◆ **RECORD SET**
***

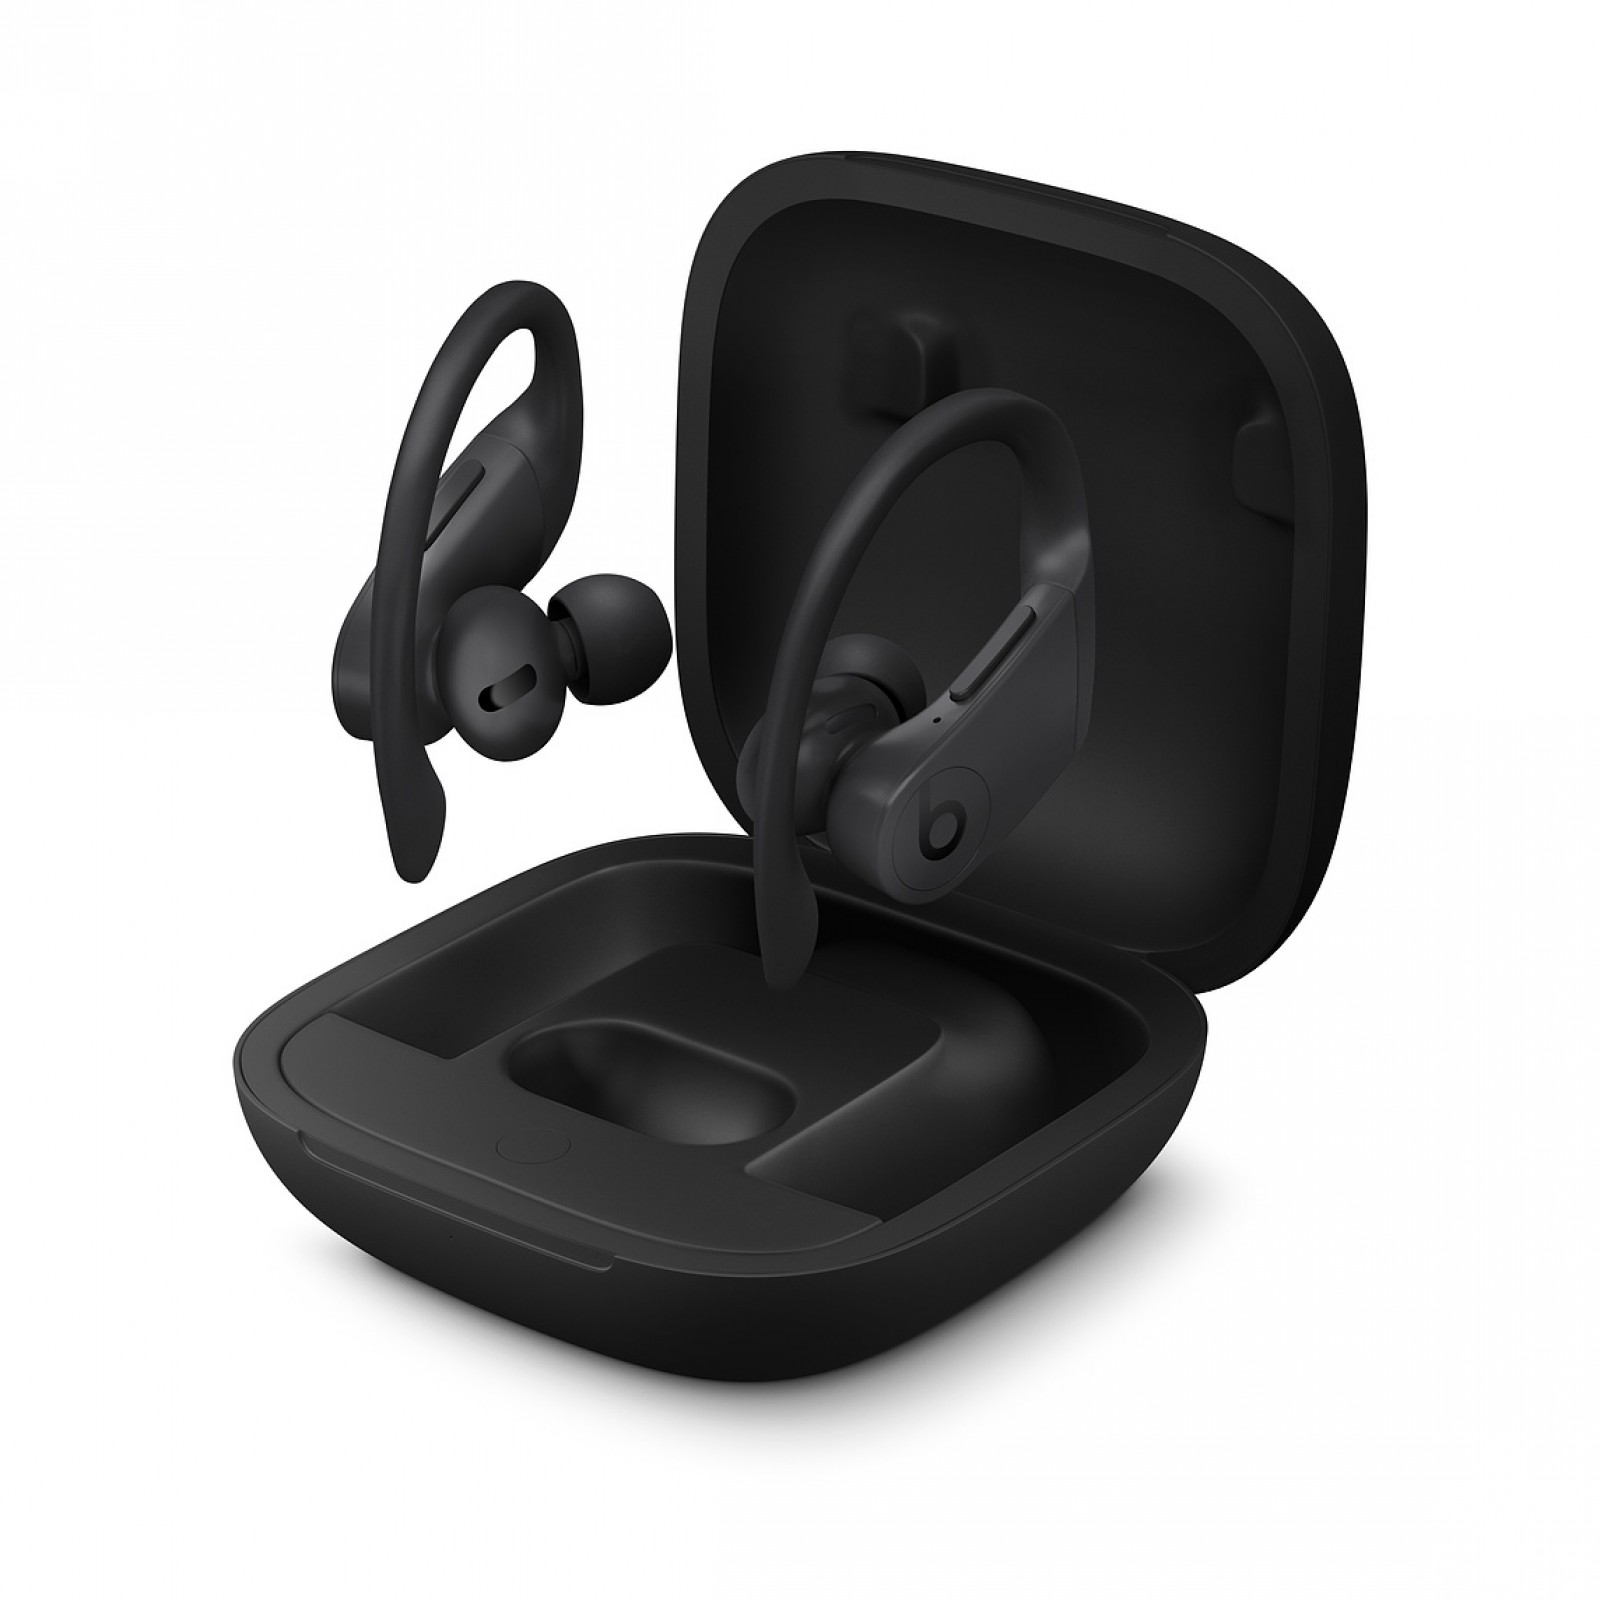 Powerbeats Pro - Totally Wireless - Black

***

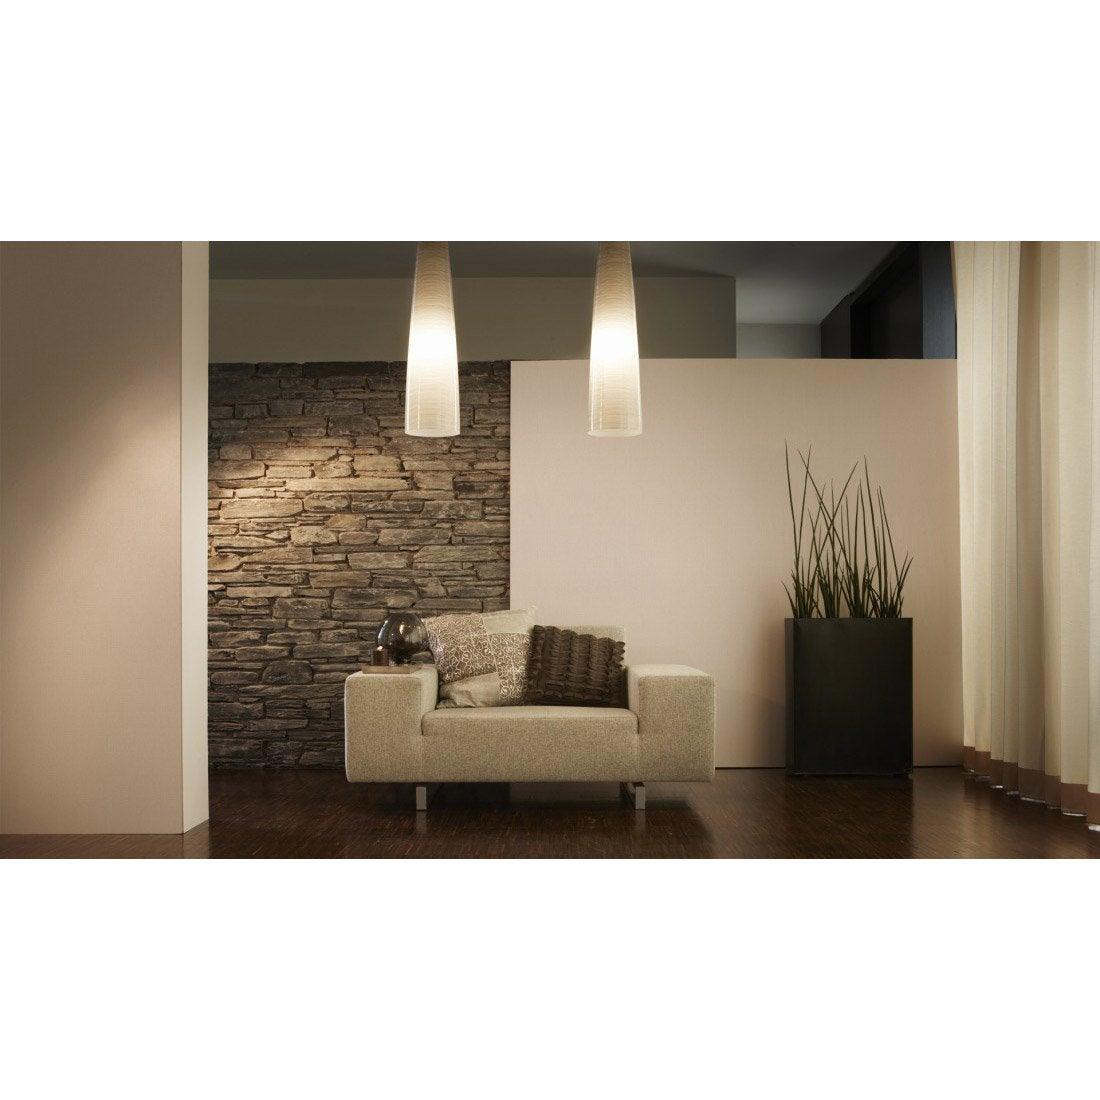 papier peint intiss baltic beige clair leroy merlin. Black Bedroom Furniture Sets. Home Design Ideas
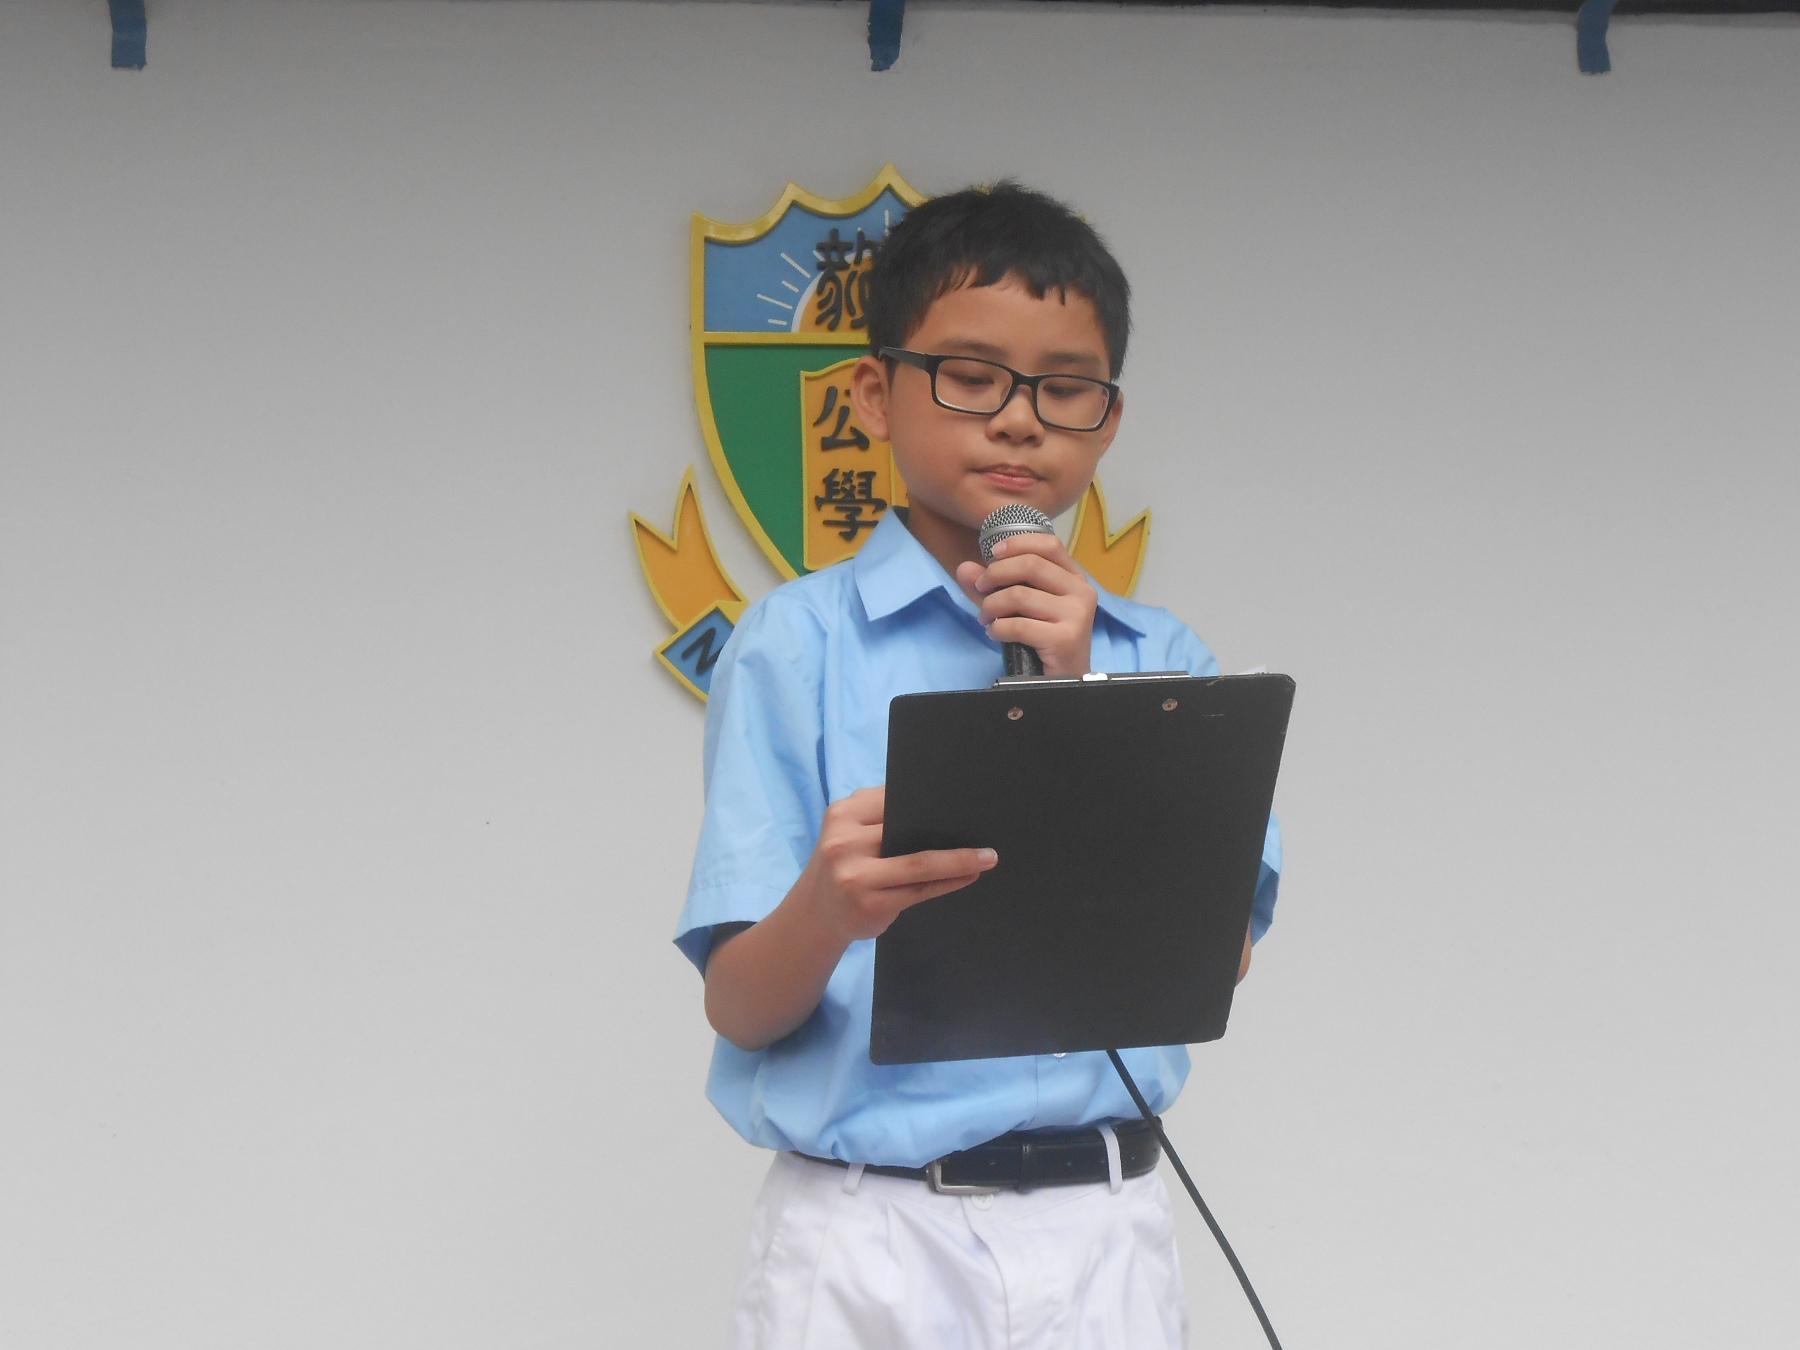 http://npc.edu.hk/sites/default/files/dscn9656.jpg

***

◆ **EXERCISE OBJECTIVE**
Everything above from the line with "papier peint intiss" through the line with "http://npc.edu.hk/sites/default/files/dscn9656.jpg" should be retyped exactly, and nothing else; omit pictures.

◆ **WRITTEN ANSWER**
 papier peint intiss baltic beige clair leroy merlin. Black Bedroom Furniture Sets. Home Design Ideas
 http://npc.edu.hk/sites/default/files/dscn9656.jpg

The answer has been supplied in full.